# vinyl siding over asbestos??



## skymaster

consider this; Have heard from many siding contractors, that when you go over it, it cracks all to Heck, and after a little time falls off and blows out the bottom of the vinyl siding. The weight of it and force of of falling just blows the vinyl right off the blding


----------



## Cole

Brian,
I hate these questions.

I would never ever go over existing siding.

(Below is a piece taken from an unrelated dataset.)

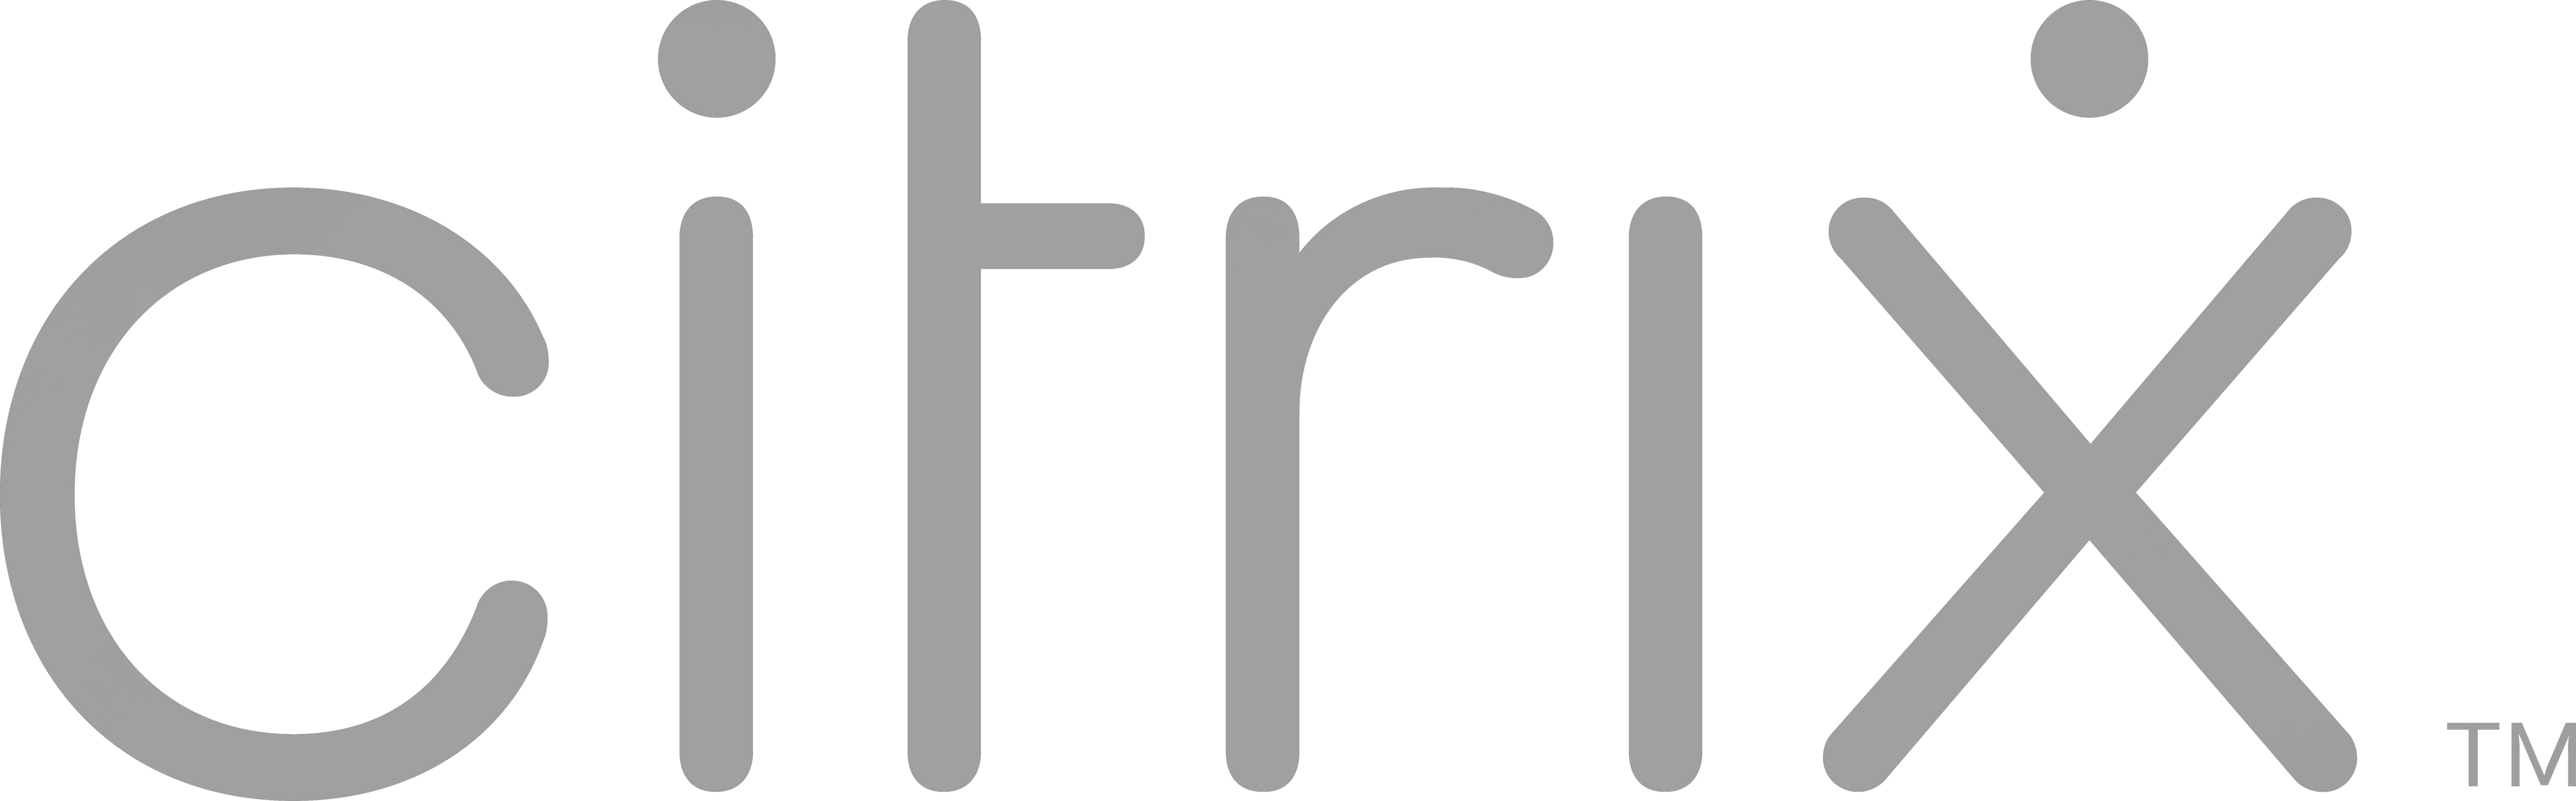 Citrix-Systems-Logo

I know in some circumstances the funds are not available to take it off. But if it was me I would hold off on the work until i had enough money to tackle the project properly.


----------



## PKHI

We foam over asbestos all the time. Just make sure that if the asbestos is nailed on furring strips that you run wood strapping up the walls over wise the asbestos will crack in the hollow portions between the furring strips. The foam prevents the asbestos from moving when it cracks


----------



## joecaption

It's done all the time because it's the safest, and easyest way to do it. 
Other then being a royal pain to nail through. I've never once seen it all fall apart and blow out the bottom as suggest, if it did I sure would have heard back from customers long before now about it.


----------



## Fix'n it

joe. you dig'n up old threads ?


----------



## joecaption

Not me some new poster did that.


----------



## Fix'n it

joecaption said:


> Not me some new poster did that.


ahh, thats what i thought. and then they deleted their post. that is why i like to quote.

as i said, i plan to go over my current shingle siding with FB then whatever siding.
i and i don't see the current siding falling apart from the new nails. 
as always though, plans can change = take the old siding off.


----------



## firehawkmph

I just sided my buddy's house that had old aluminum siding staple to lathe, over asbestos shingles, which were fasted to 1 x 2's . Sheathing underneath was 1 x planking. My buddy took off the aluminum and lathe. I originally thought we would have to tear off the asbestos. But I installed 3/8 foamcore with my roofing nailer. It went up ok. I hand nailed the siding using 2" roofing nails. They were long enough to get into the plank sheathing. Pain in the butt, but it worked out ok.
Mike Hawkins


----------



## joecaption

Why is there what looks like a seam to the left of the bulkhead on the wall?


----------



## firehawkmph

Joe,
this house used to be a smaller cottage with a porch on the front and the back. Somebody over the years closed both of the porches in, but really didn't do it right. The side walls of the original front porch stuck out 2" from the side. I bent some coil stock to wrap the corner than channeled both sides. It was one of those jobs where you had to draw the line somewhere, he didn't want to rip the porch apart to rebuild it.
Mike Hawkins


----------



## midnite2012

If i leave the siding would it b better to sheet it with osb before vinyl siding


----------



## firehawkmph

Midnite,
If I was going to resheat the whole house, I would pull the old siding off and have a nice flat surface to work with. You can try the foam core like I did. But it really helps to have a roofing nailer to fasten the foam core with. It does a lot less damage compared to pounding each nail in. 
Mike Hawkins


----------